But the bombshell of the interview came with Dorsey’s allusion to an entirely new structural underpinning for Twitter. Here’s the full answer he gave when asked about how he feels he can meaningfully shift behavior on the platform:

Well, one of the things — we started the service with this concept of following an account, as an example, and I don’t believe that’s why people actually come to Twitter. I believe Twitter is best as an interest-based network. People come with a particular interest. They have to do a ton of work to find and follow the related accounts around those interests. What we could do instead is allow you to follow an interest, follow a hashtag, follow a trend, follow a community, which gives us the opportunity to show all of the accounts, all the topics, all the moments, all the hashtags that are associated with that particular topic and interest, which really opens up the perspective that you see.
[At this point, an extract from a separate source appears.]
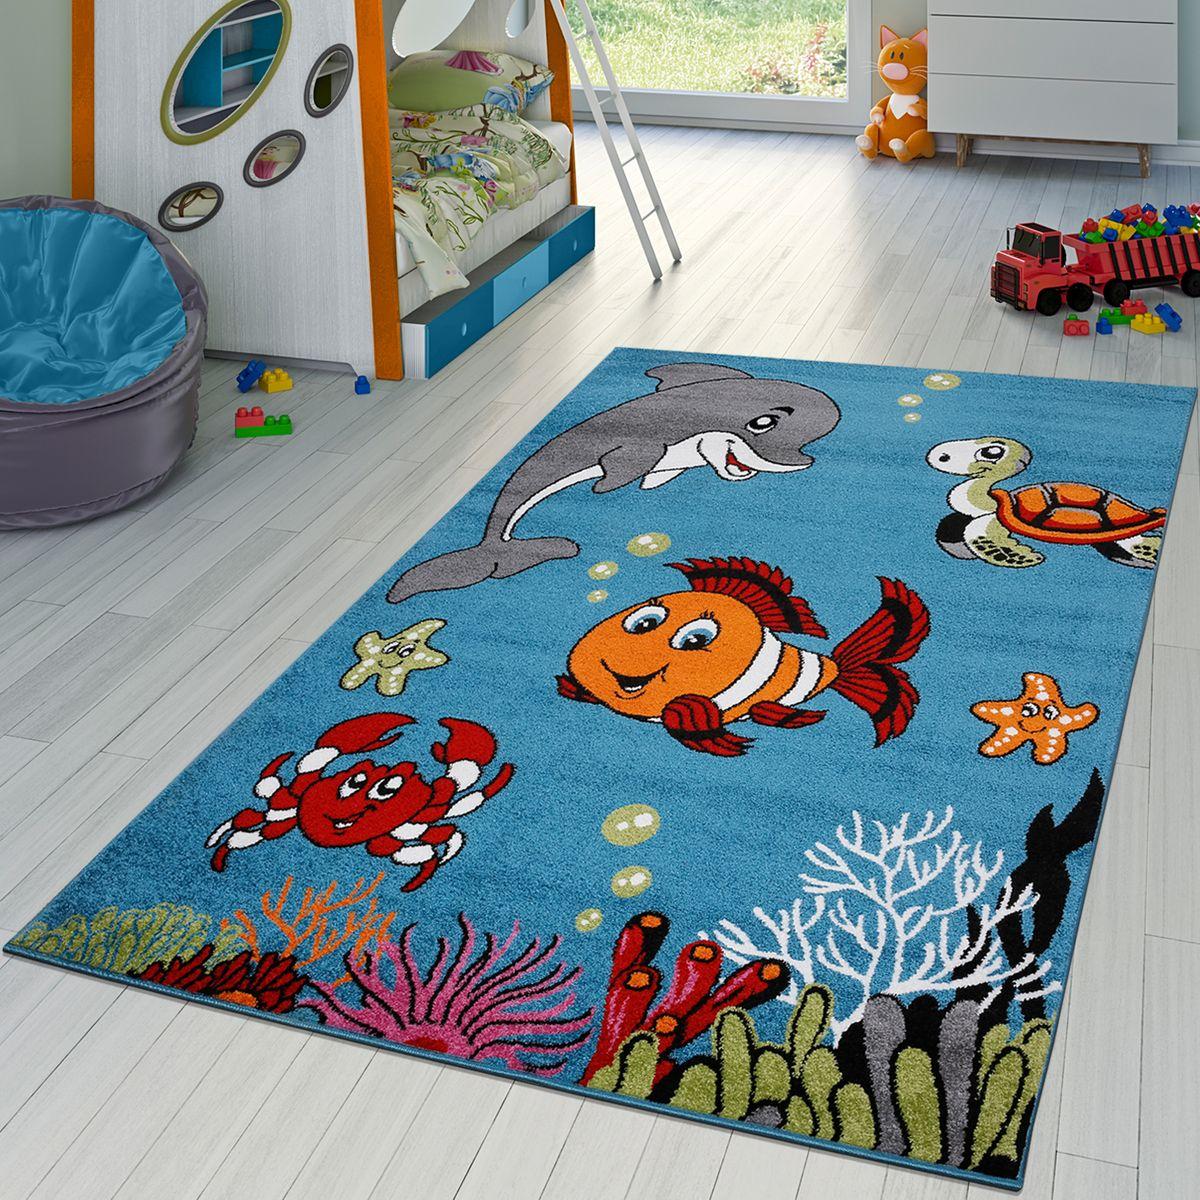 Full Size of Teppiche Für Kinderzimmer Teppich Unterwasserwelt Trkis Teppichmax Bilder Fürs Wohnzimmer Sichtschutzfolie Fenster Gardinen Schlafzimmer Hussen Sofa Kinderzimmer Teppiche Für Kinderzimmer

But that is a huge fundamental shift to bias the entire network away from just an account bias towards a topics and interest bias.

As with his conversation health analysis piece, it’s not entirely clear to me what Dorsey is advancing here. Is the idea that we will no longer be able to choose who we follow, and our feeds will instead be based entirely on topical areas of interest? (For me personally, this would be annoying, because there are certain people within my areas of interest that I actively choose to follow, and some I actively choose not to. I don’t think I’m alone.)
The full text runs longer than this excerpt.